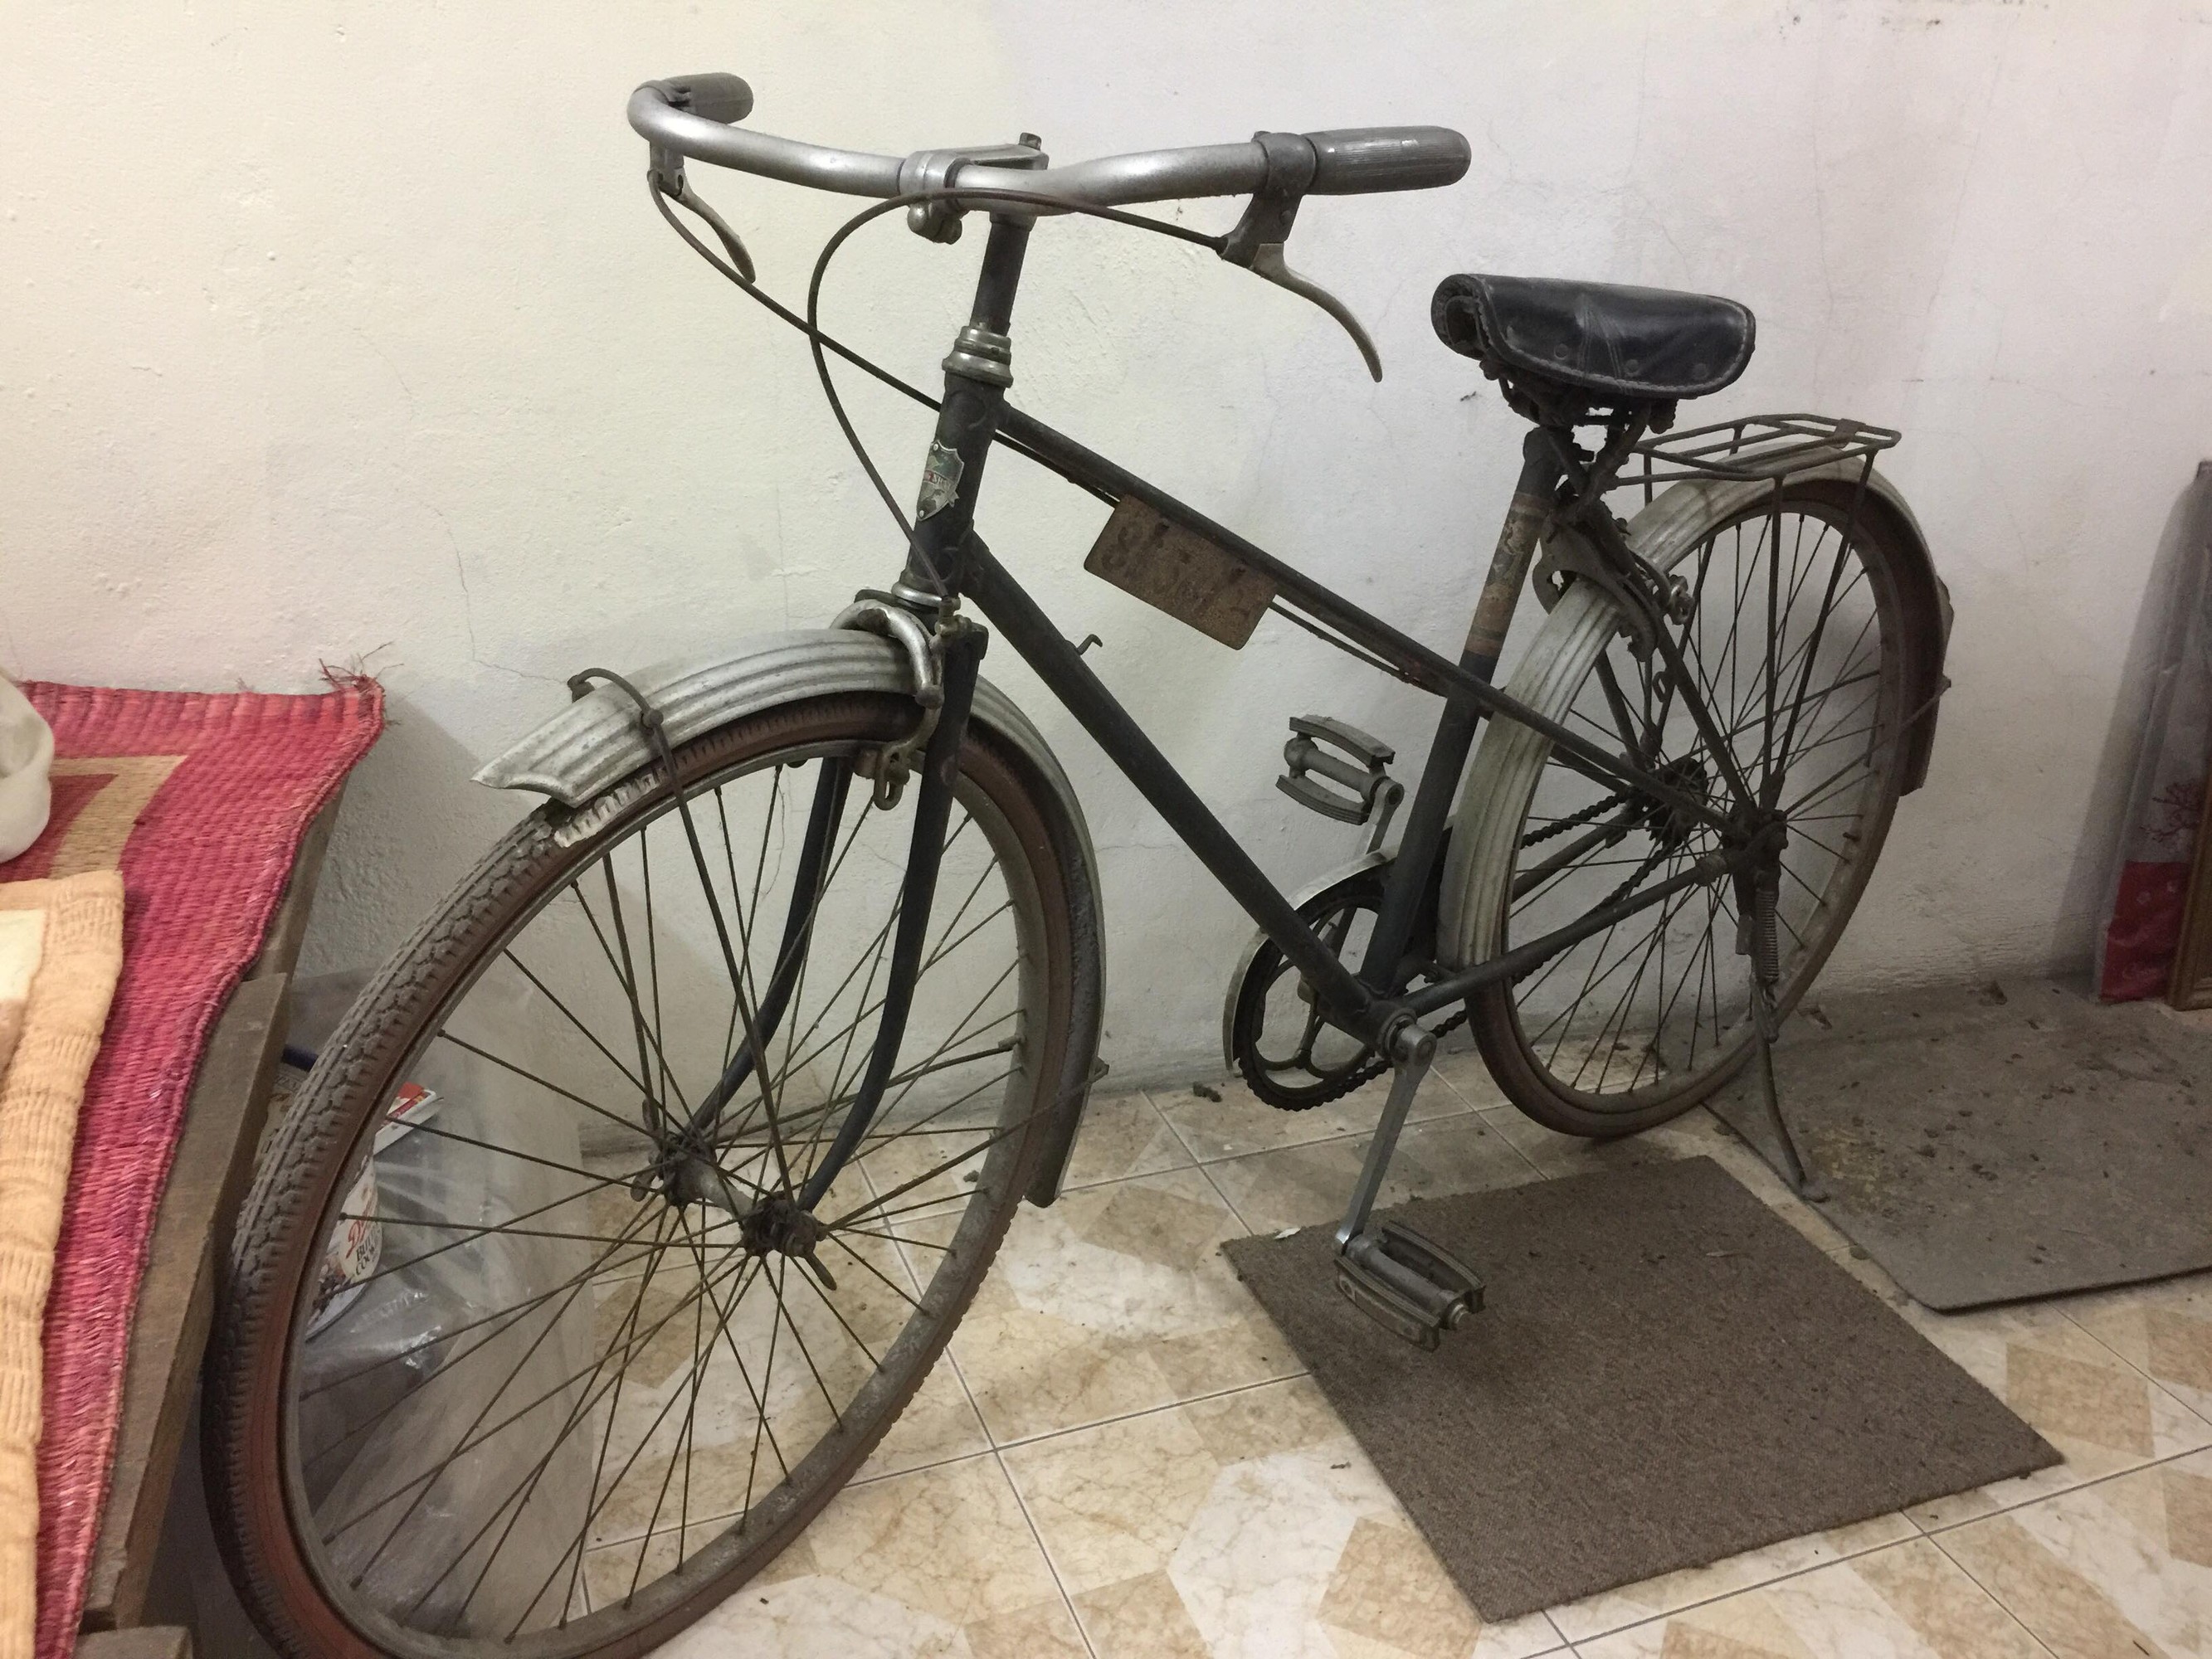 Những chiếc xe đạp cũ ngày xưa mang đến cho chúng ta những kỷ niệm đẹp về tuổi thơ. Hãy khám phá lại những ký ức ấy và cảm nhận sự đời thường, mộc mạc qua ảnh liên quan đến xe đạp cũ ngày xưa.
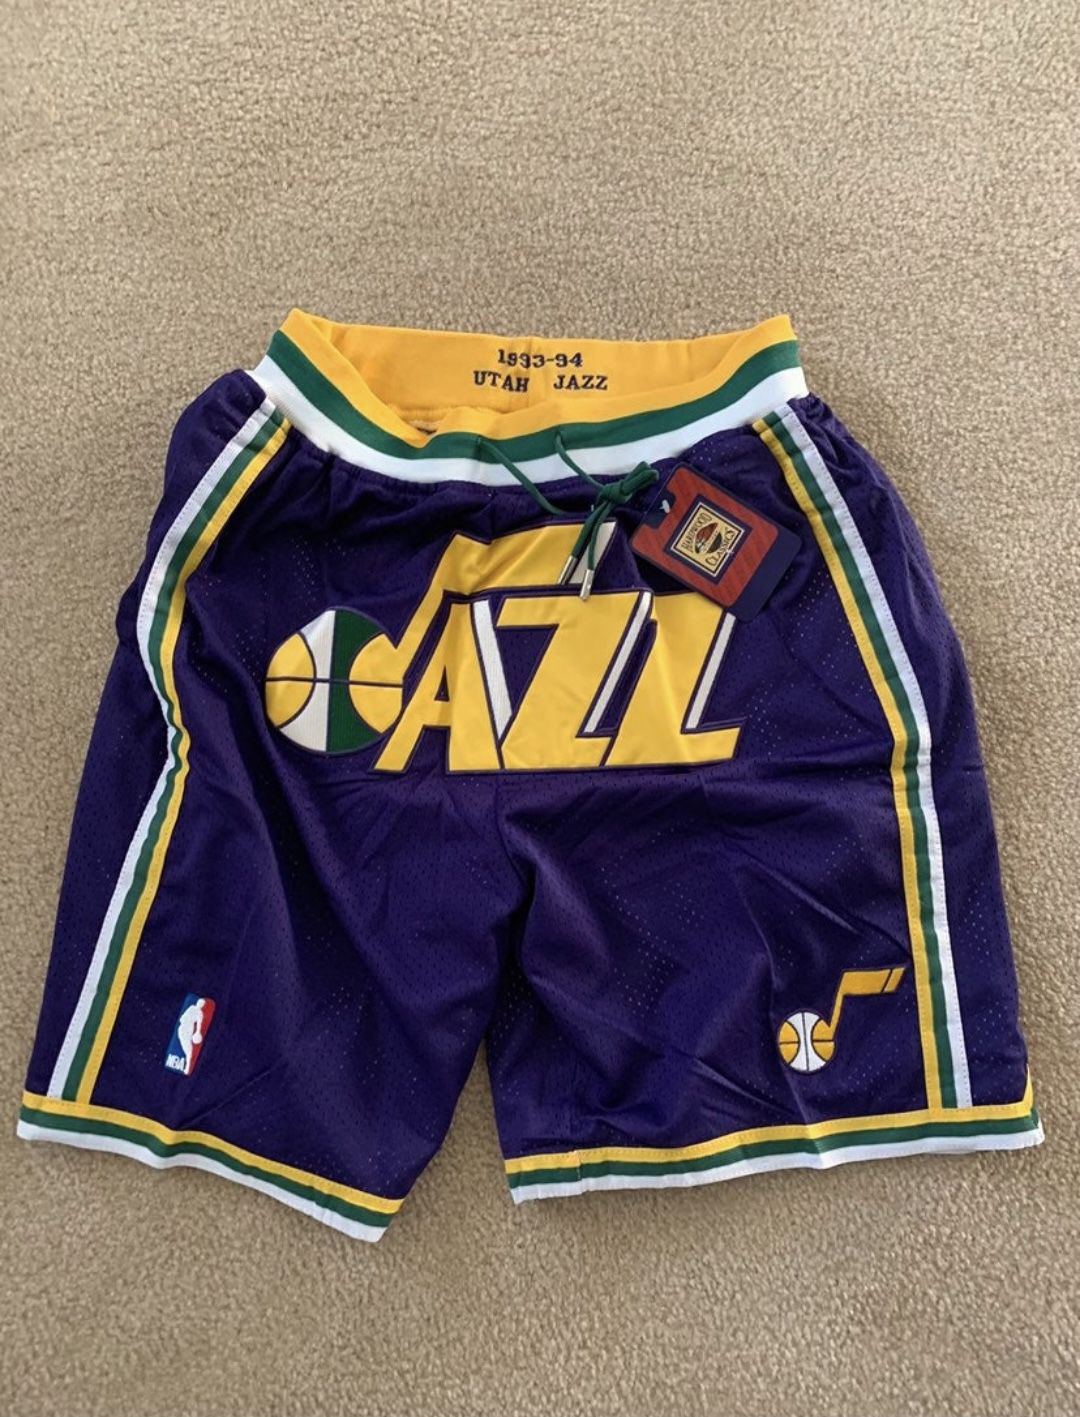 Utah Jazz Shorts 
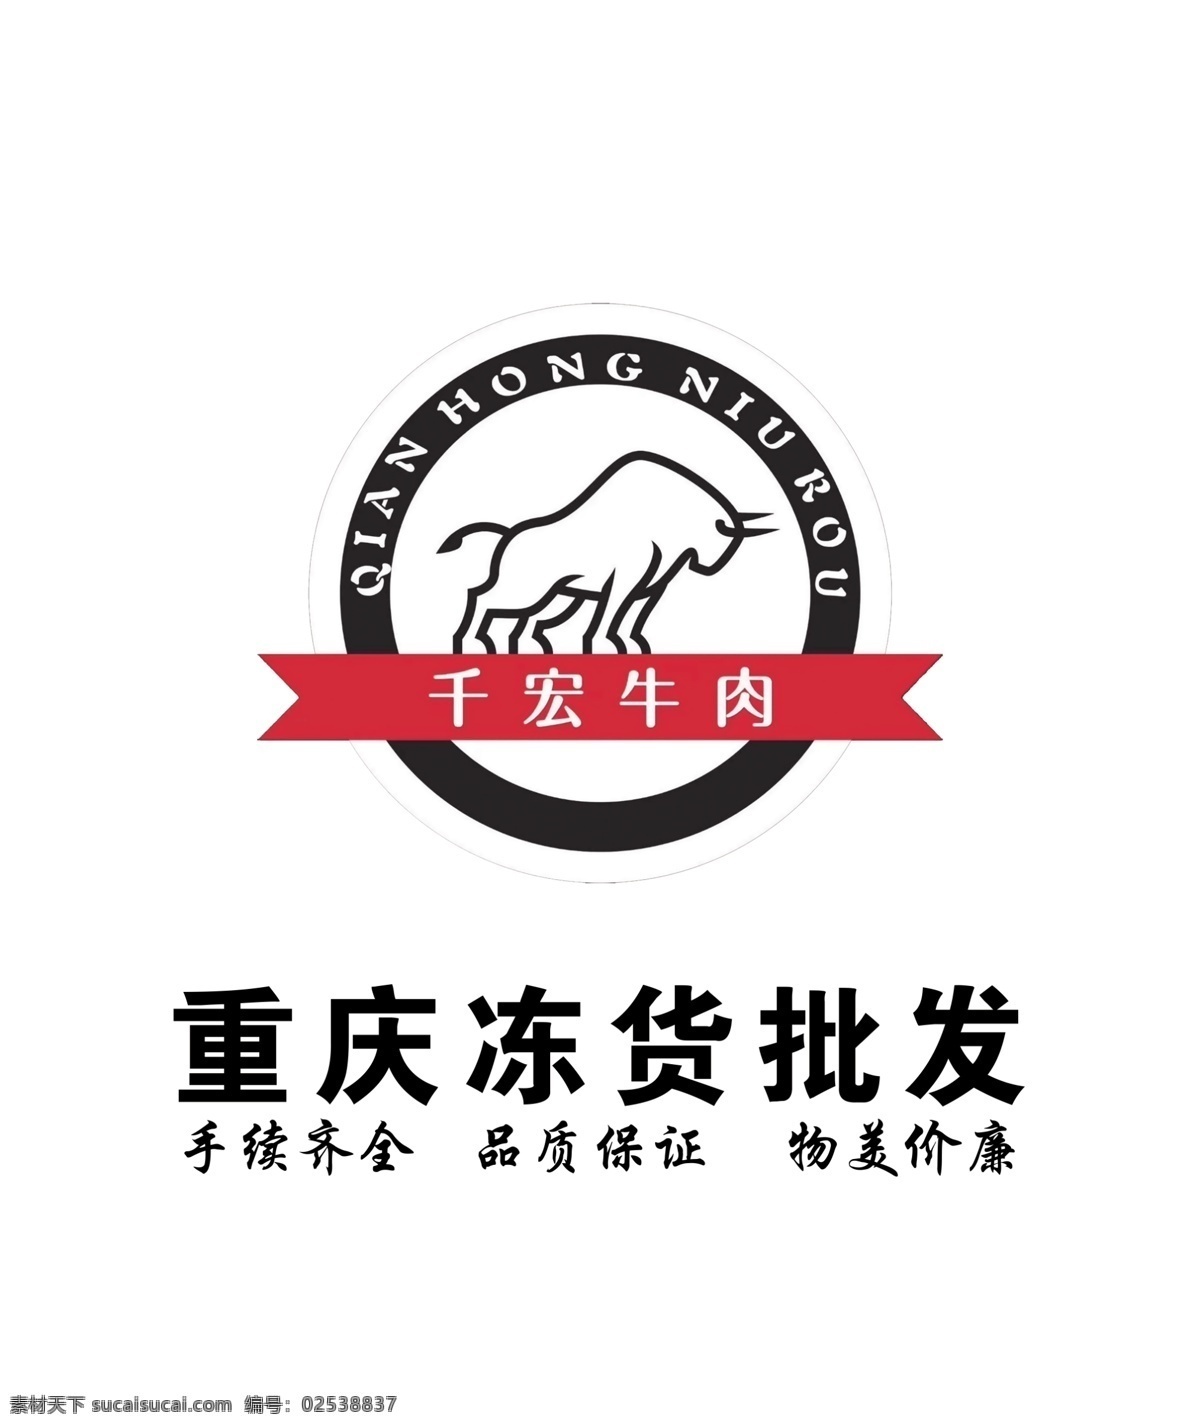 千宏牛肉图片 千宏牛肉 logo 标志 牛卡通 牛素材 标志图标 企业
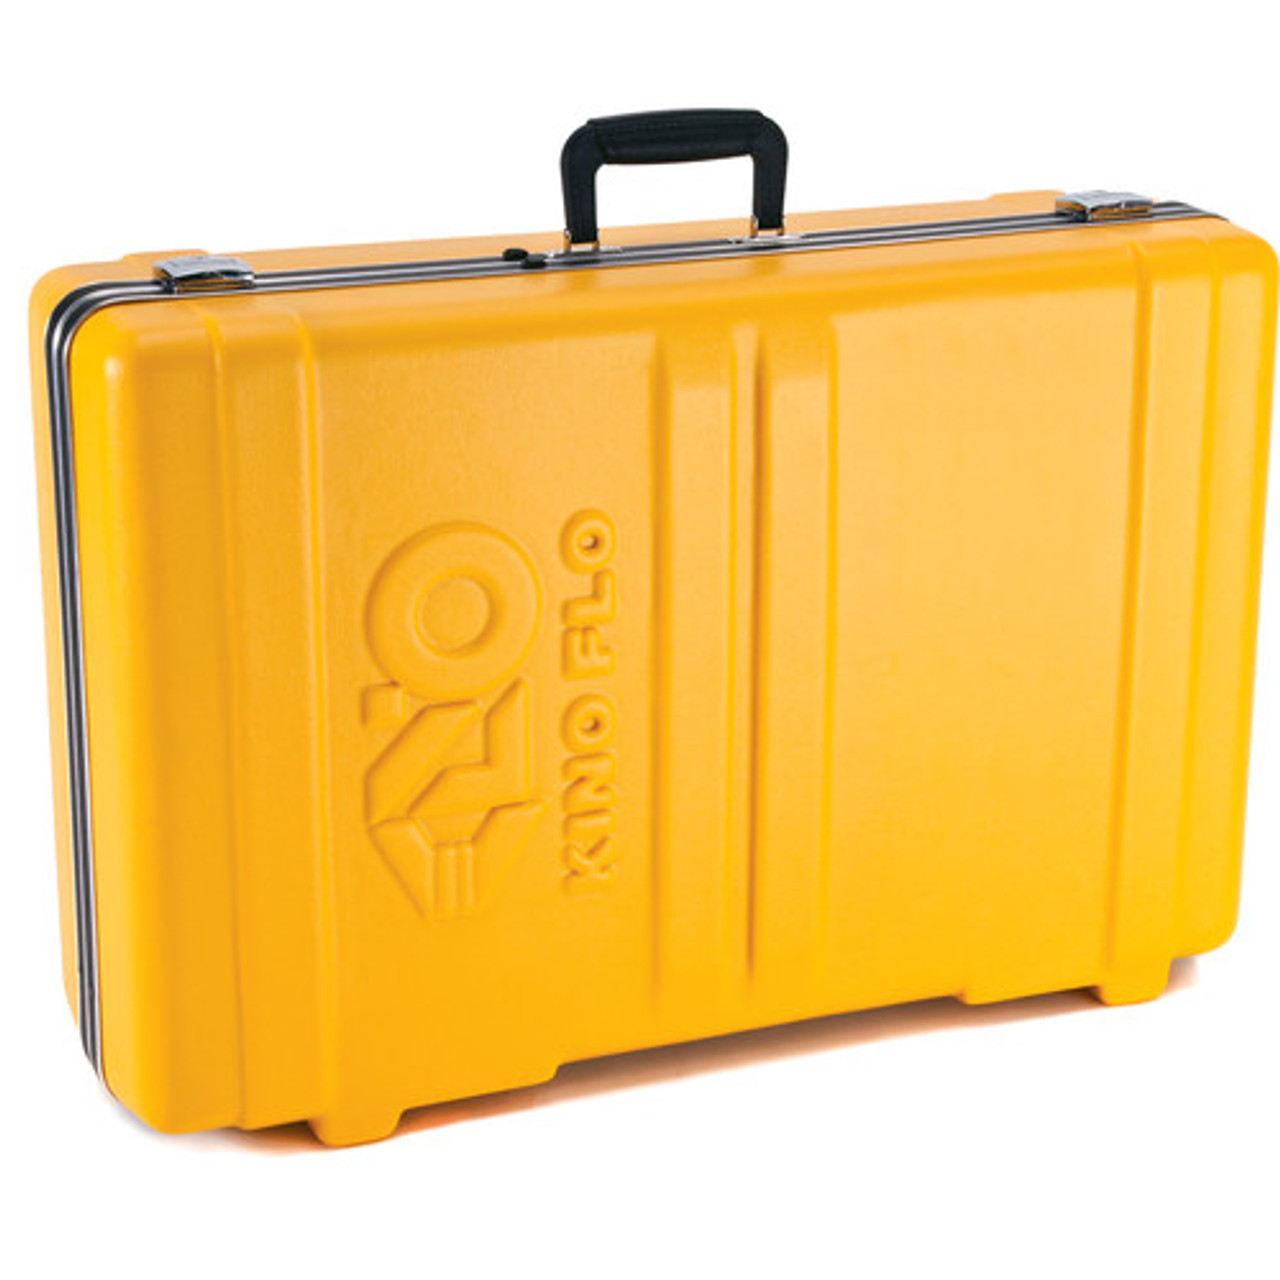 Kino Flo Travel Case for FreeStyle T24 (Yellow) (KAS-FT24C)

## Problem requirements
Repeat the material above in full and exactly, omitting the pictures.

## Response area
 Những chiếc xe đạp cũ ngày xưa mang đến cho chúng ta những kỷ niệm đẹp về tuổi thơ. Hãy khám phá lại những ký ức ấy và cảm nhận sự đời thường, mộc mạc qua ảnh liên quan đến xe đạp cũ ngày xưa.
 Utah Jazz Shorts 
 千宏牛肉图片 千宏牛肉 logo 标志 牛卡通 牛素材 标志图标 企业
 Kino Flo Travel Case for FreeStyle T24 (Yellow) (KAS-FT24C)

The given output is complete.